[[ Provided data open ]]

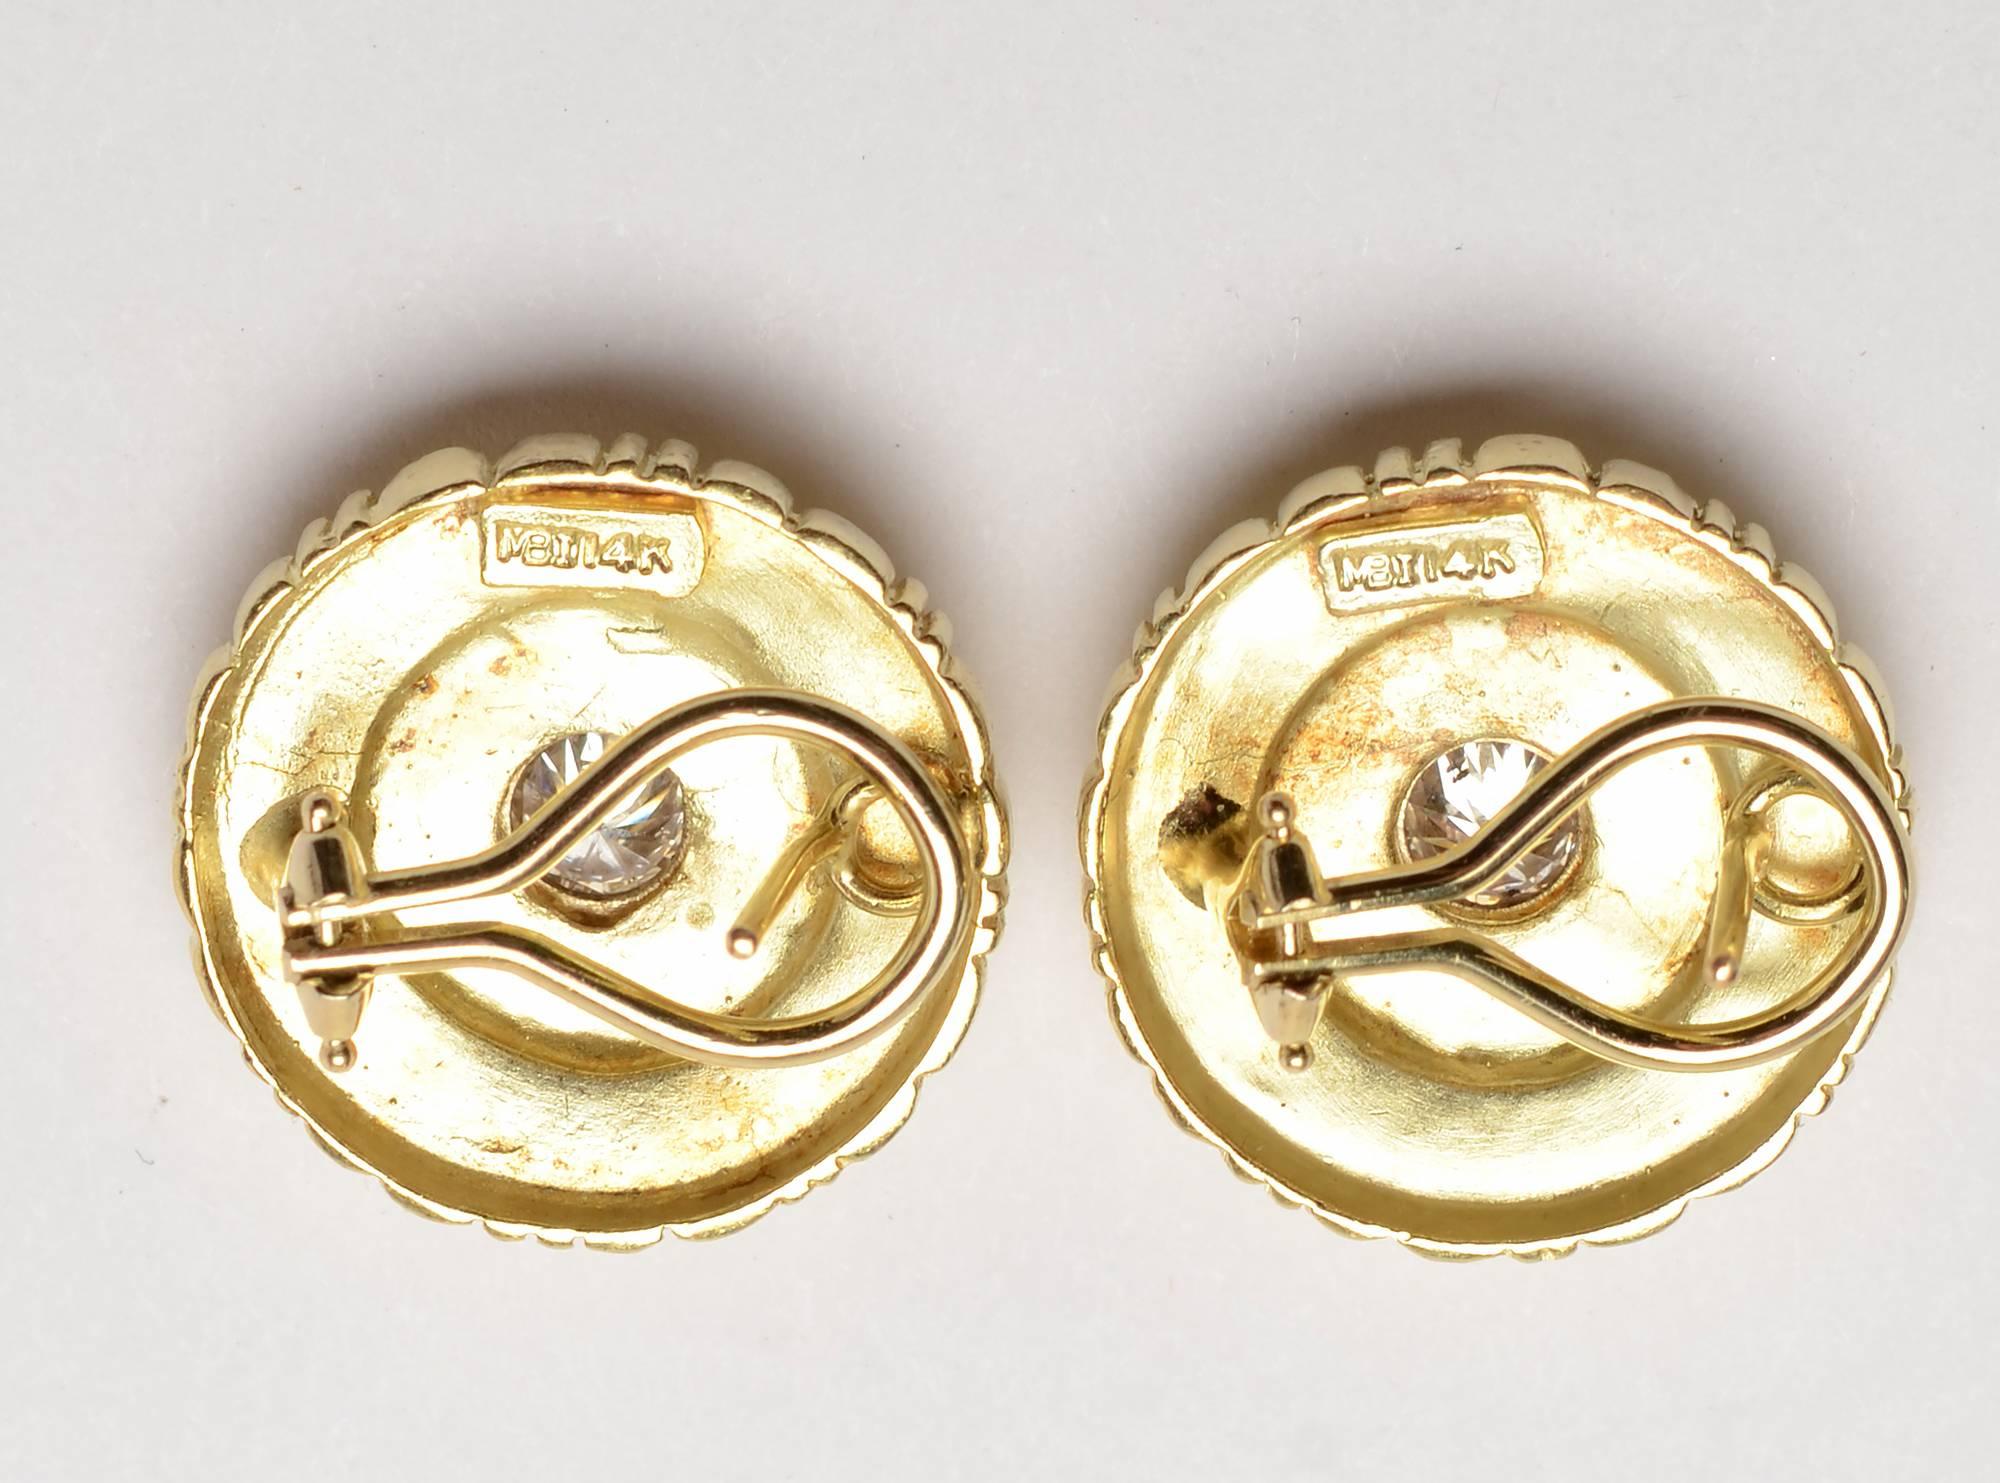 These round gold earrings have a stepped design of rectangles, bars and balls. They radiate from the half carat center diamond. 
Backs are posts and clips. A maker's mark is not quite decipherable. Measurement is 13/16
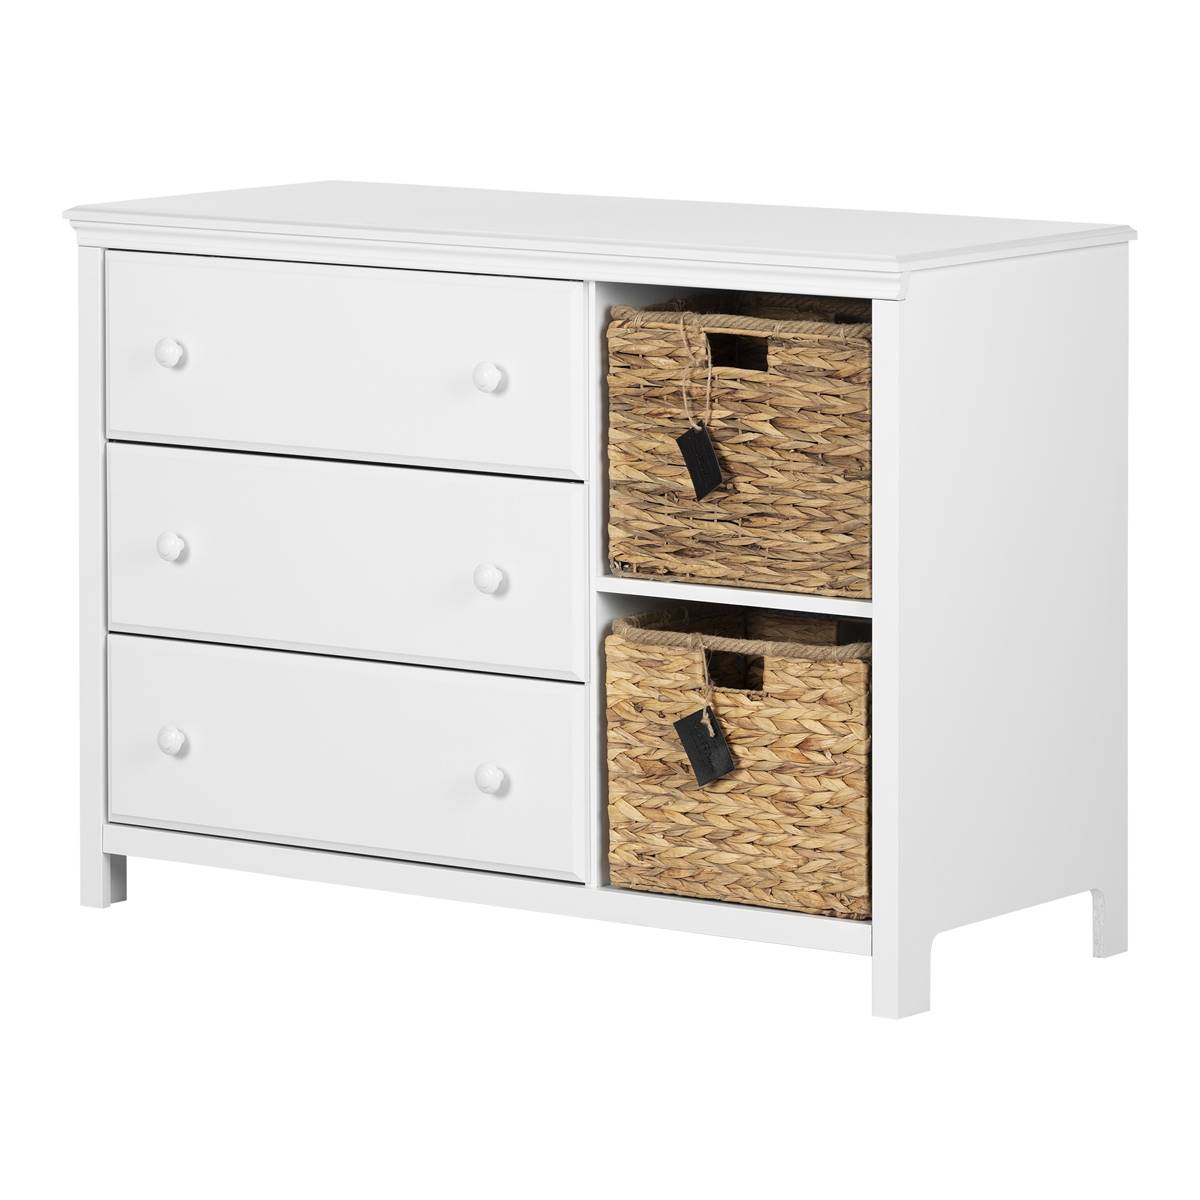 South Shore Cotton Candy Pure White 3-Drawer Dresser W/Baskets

[[ Provided data closed ]]
[[ Provided data open ]]

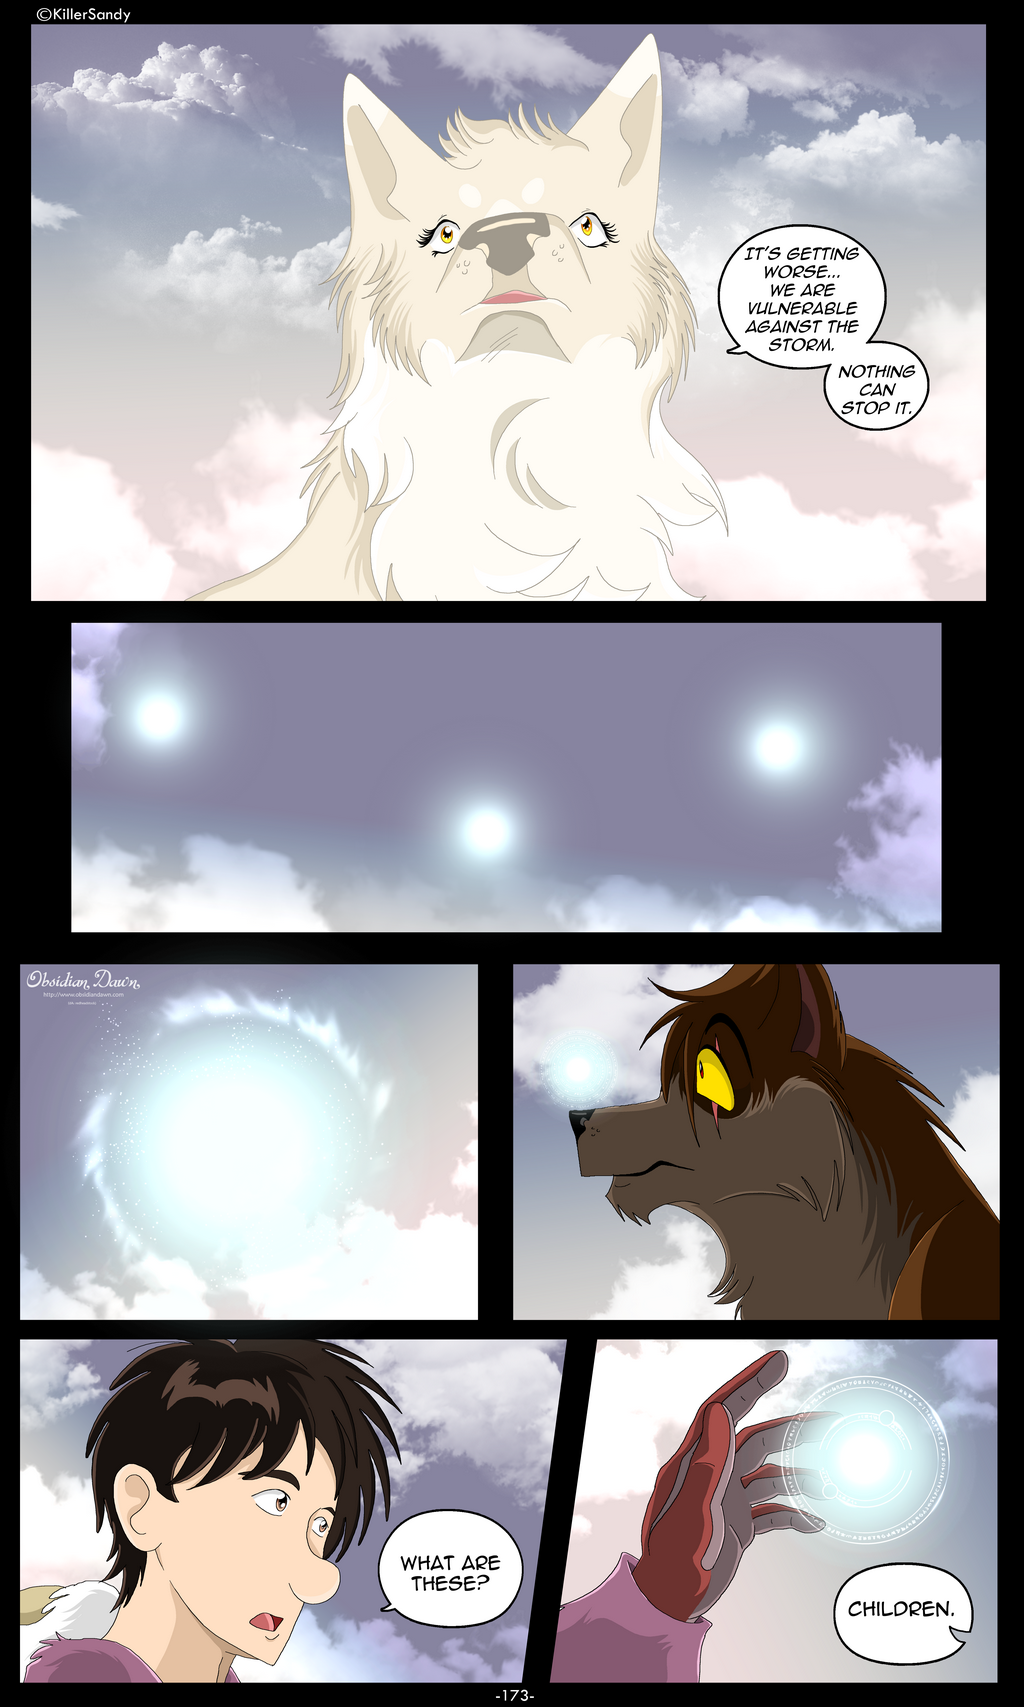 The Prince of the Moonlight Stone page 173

[[ Provided data closed ]]
[[ Provided data open ]]

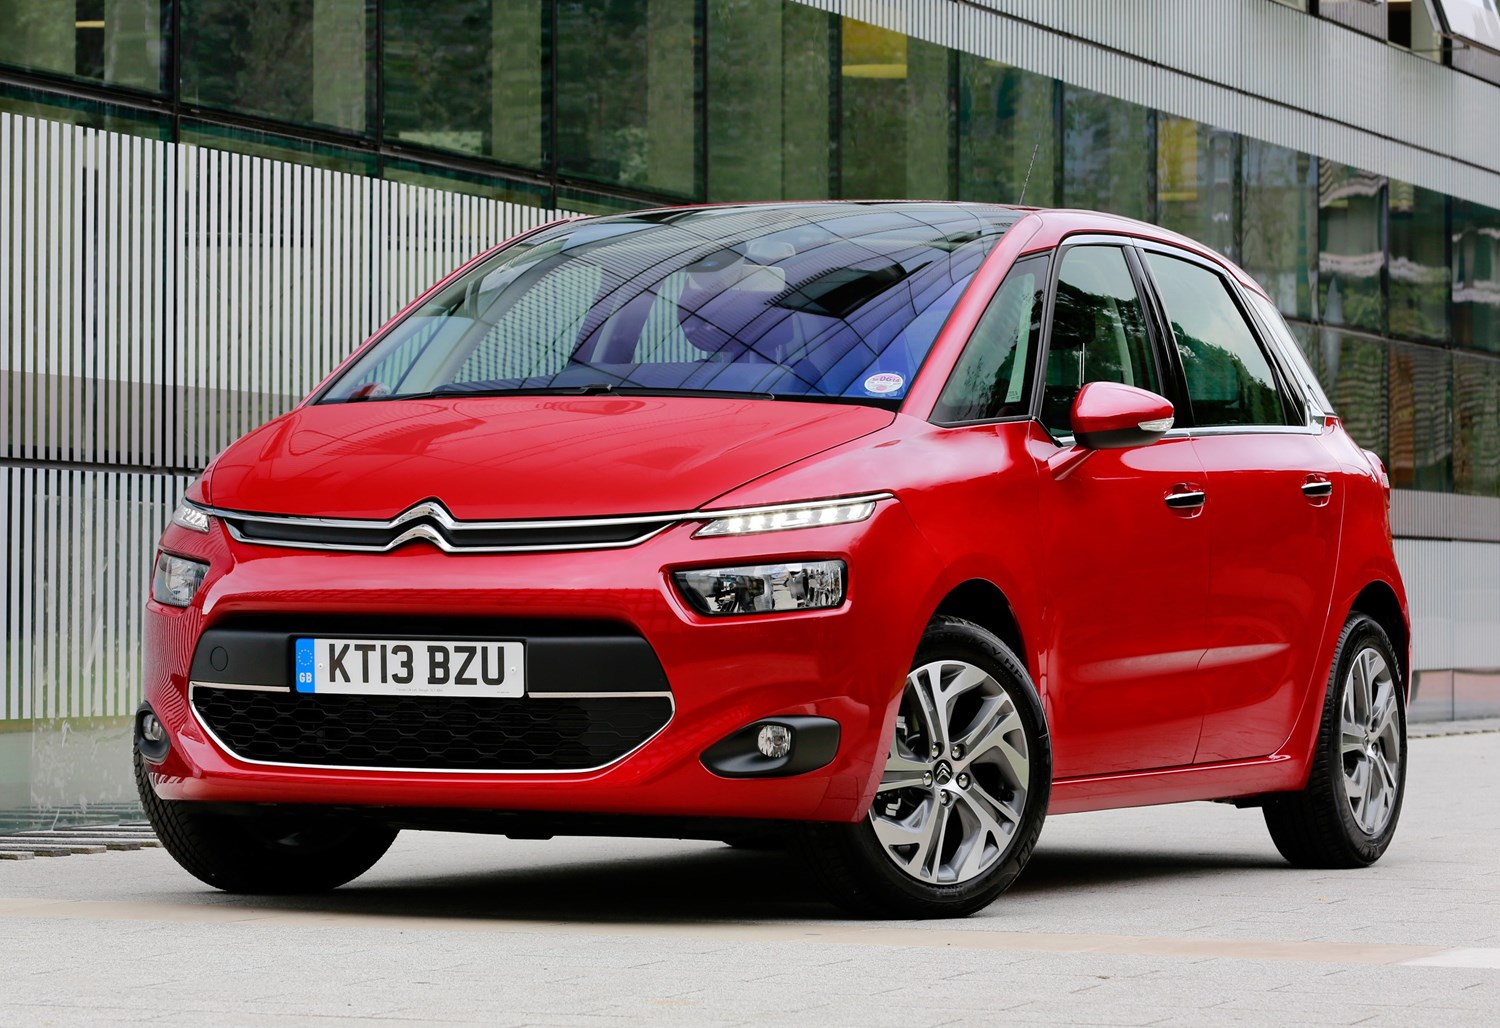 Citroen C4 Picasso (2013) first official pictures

[[ Provided data closed ]]

Task statement ▸
For the material above, give again only the lines starting at the line that contains "These round gold" and ending at the line that contains "South Shore Cotton". Pictures do not belong in the copy.

Expected answer ▸
 These round gold earrings have a stepped design of rectangles, bars and balls. They radiate from the half carat center diamond. 
Backs are posts and clips. A maker's mark is not quite decipherable. Measurement is 13/16
 South Shore Cotton Candy Pure White 3-Drawer Dresser W/Baskets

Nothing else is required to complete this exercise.